** Action item **
Write every line below out again, exactly as given, but leave out the pictures.

** Dataset excerpt **
+ + + + +
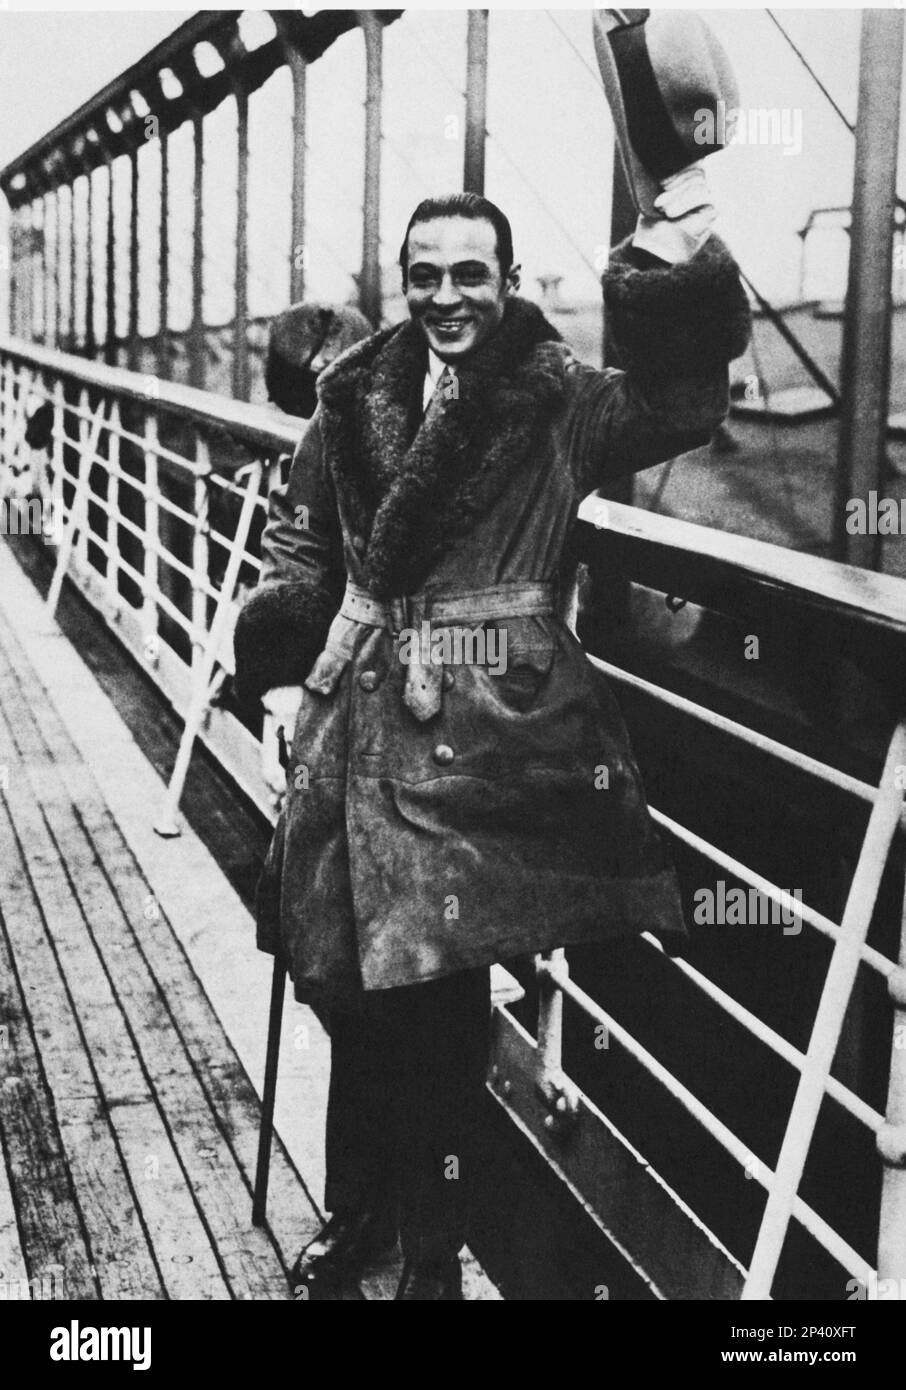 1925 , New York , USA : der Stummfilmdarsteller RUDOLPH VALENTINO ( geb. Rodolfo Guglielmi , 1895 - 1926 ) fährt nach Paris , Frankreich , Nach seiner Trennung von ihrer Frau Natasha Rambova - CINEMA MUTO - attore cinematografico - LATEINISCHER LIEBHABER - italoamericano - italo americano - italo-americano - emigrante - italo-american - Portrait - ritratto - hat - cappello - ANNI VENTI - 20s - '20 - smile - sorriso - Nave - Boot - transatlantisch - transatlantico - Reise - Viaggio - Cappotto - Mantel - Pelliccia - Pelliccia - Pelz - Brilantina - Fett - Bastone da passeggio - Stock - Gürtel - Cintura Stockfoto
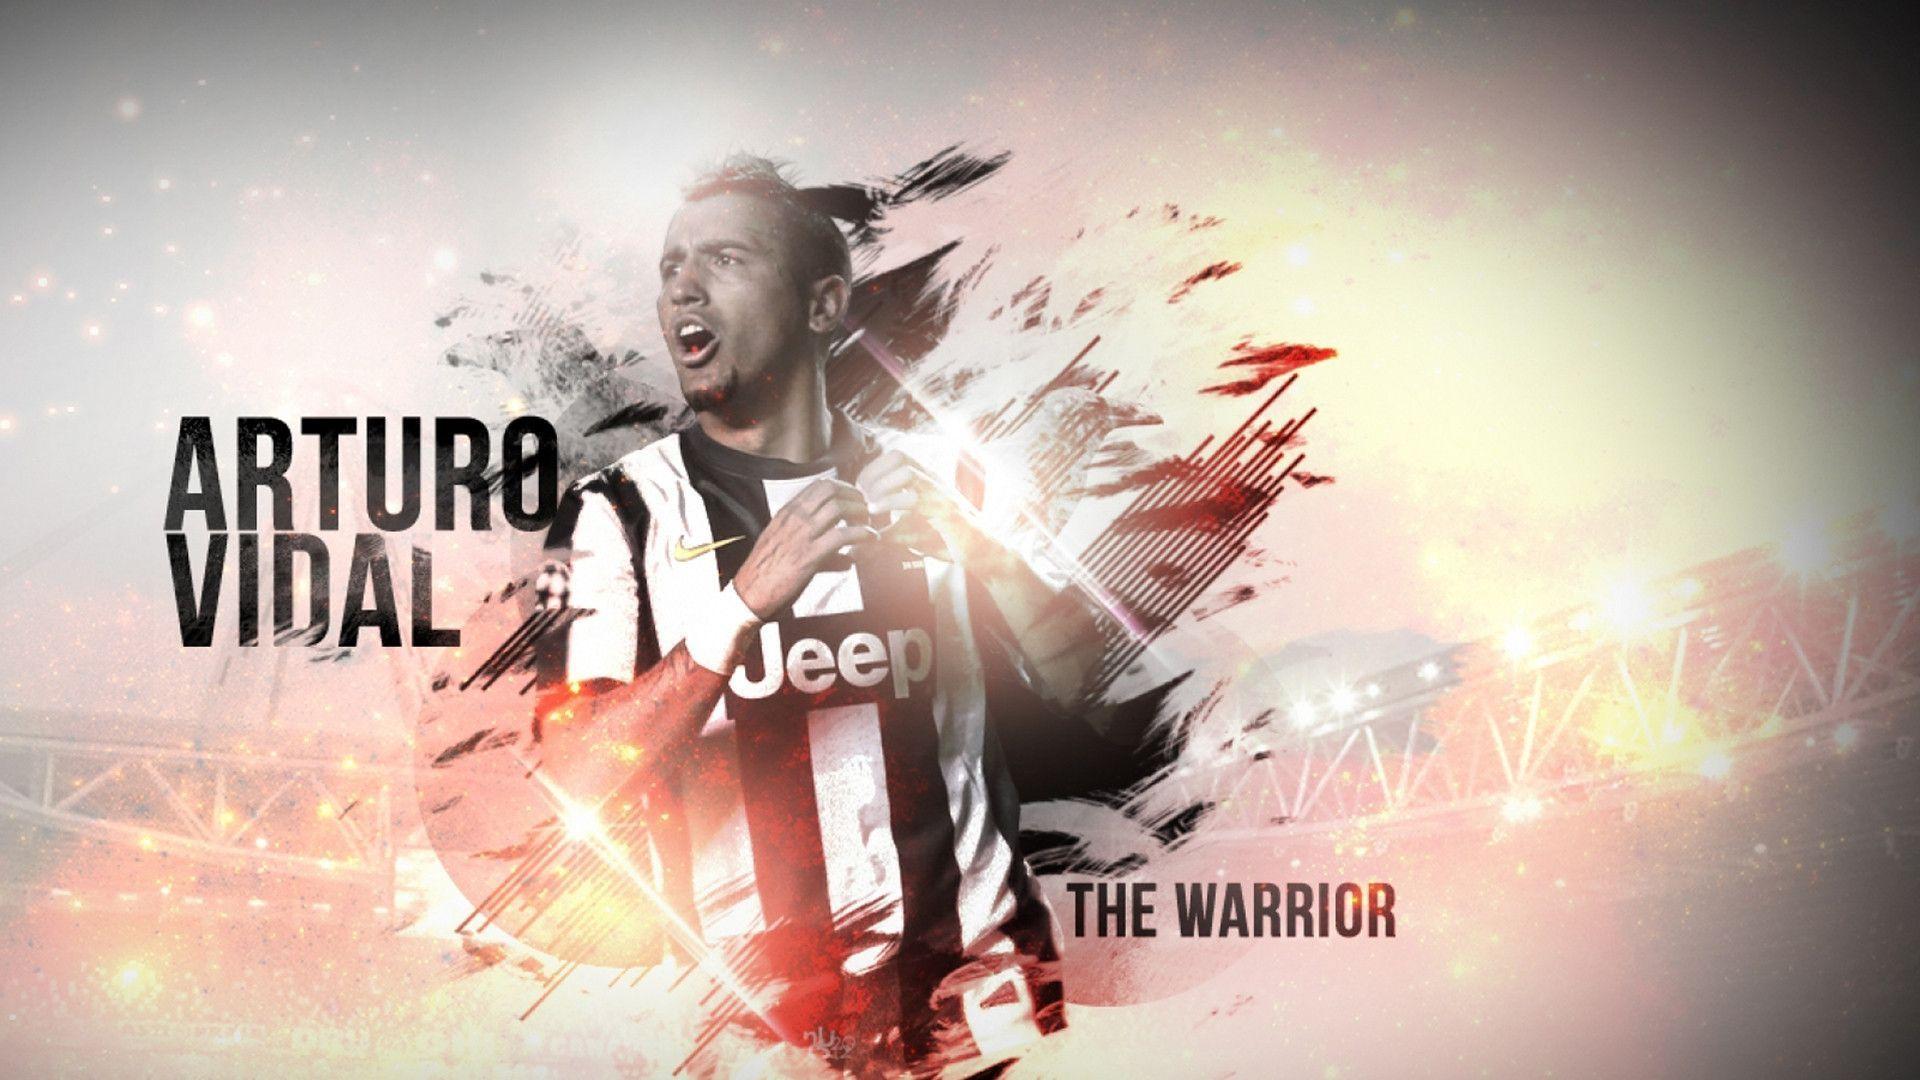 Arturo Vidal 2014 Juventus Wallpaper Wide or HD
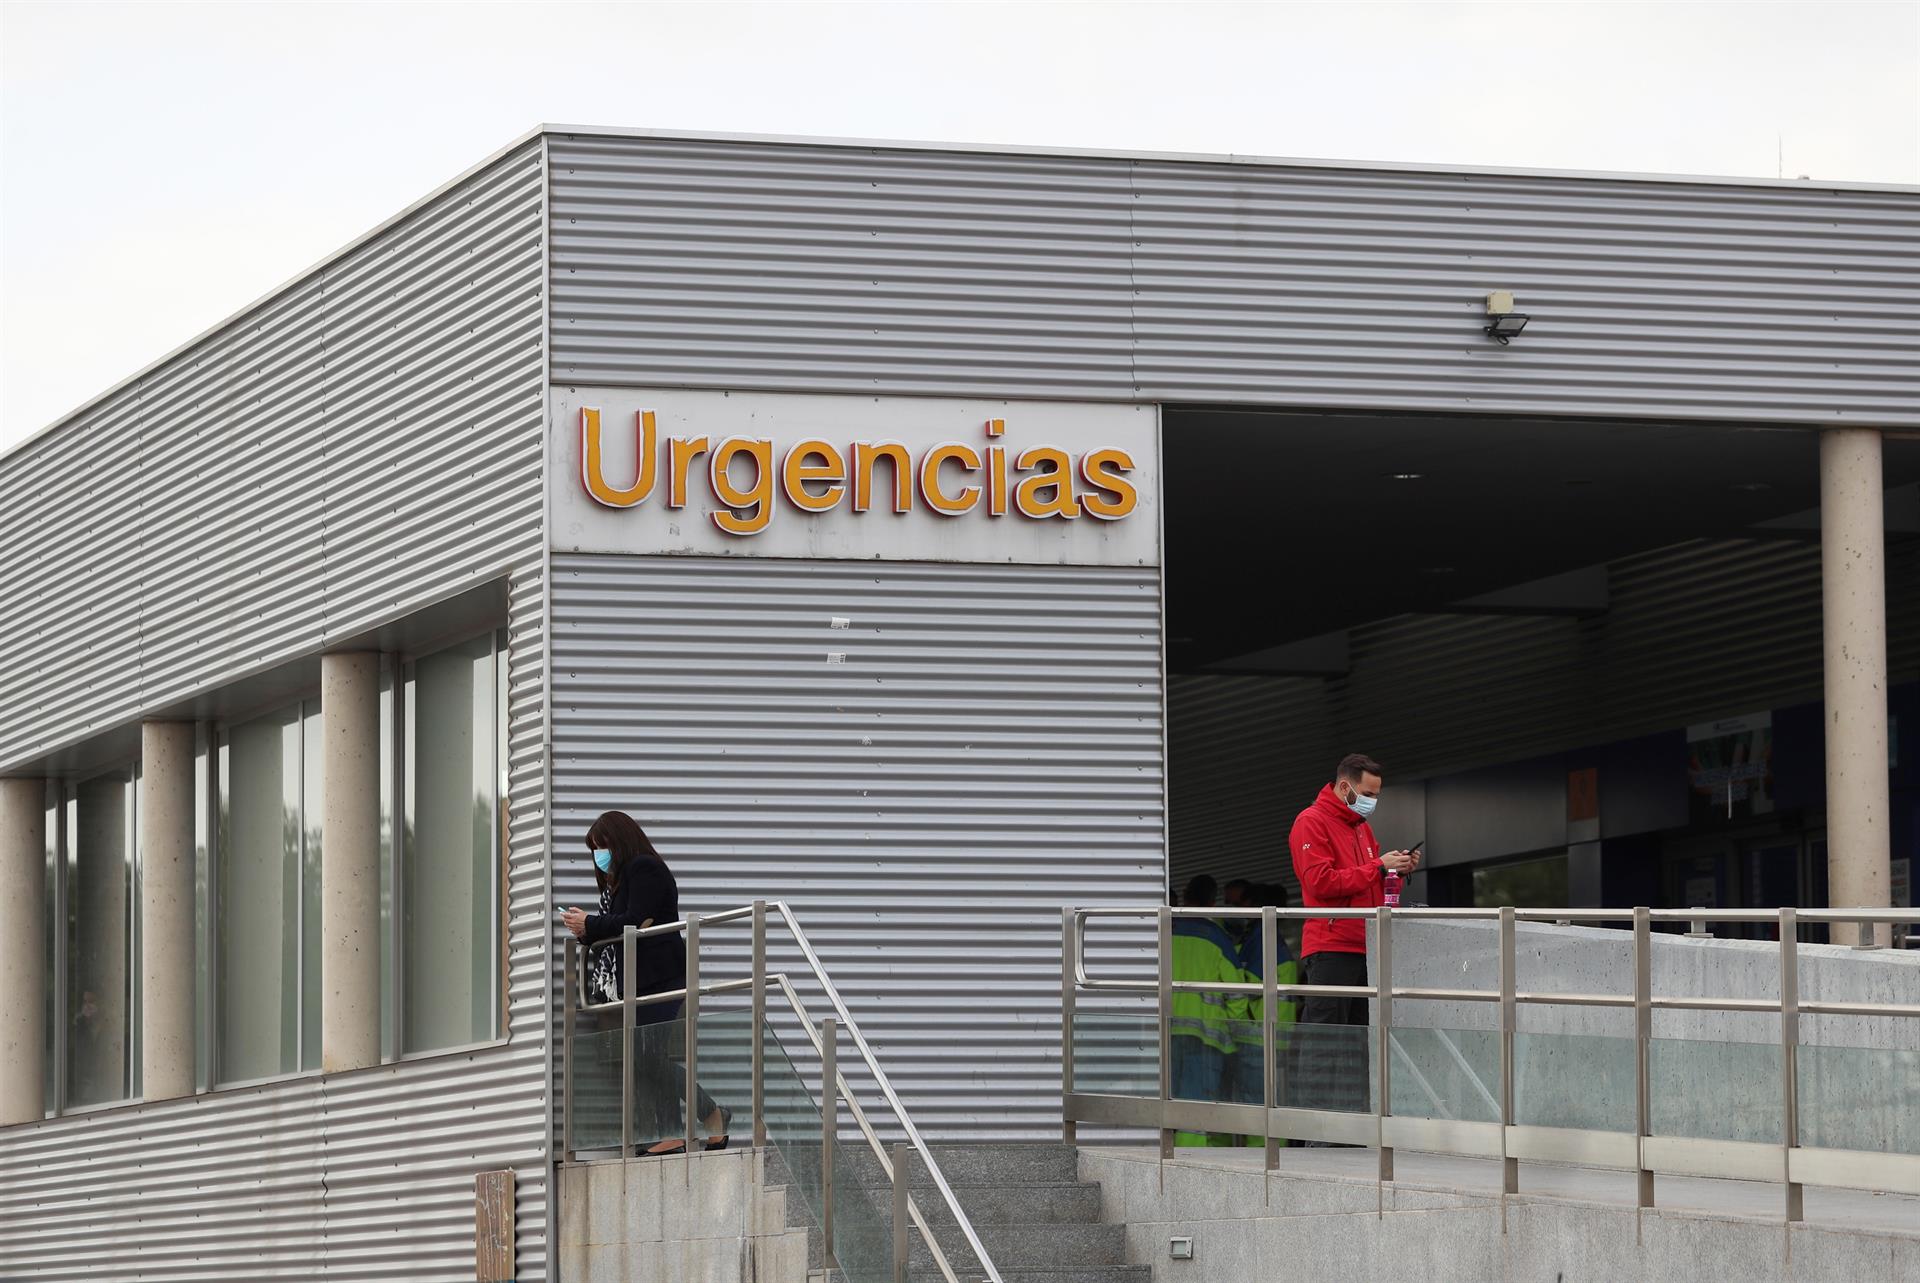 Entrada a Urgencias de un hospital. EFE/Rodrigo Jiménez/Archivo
+ + + + +
** Output below **
 1925 , New York , USA : der Stummfilmdarsteller RUDOLPH VALENTINO ( geb. Rodolfo Guglielmi , 1895 - 1926 ) fährt nach Paris , Frankreich , Nach seiner Trennung von ihrer Frau Natasha Rambova - CINEMA MUTO - attore cinematografico - LATEINISCHER LIEBHABER - italoamericano - italo americano - italo-americano - emigrante - italo-american - Portrait - ritratto - hat - cappello - ANNI VENTI - 20s - '20 - smile - sorriso - Nave - Boot - transatlantisch - transatlantico - Reise - Viaggio - Cappotto - Mantel - Pelliccia - Pelliccia - Pelz - Brilantina - Fett - Bastone da passeggio - Stock - Gürtel - Cintura Stockfoto
 Arturo Vidal 2014 Juventus Wallpaper Wide or HD
 Entrada a Urgencias de un hospital. EFE/Rodrigo Jiménez/Archivo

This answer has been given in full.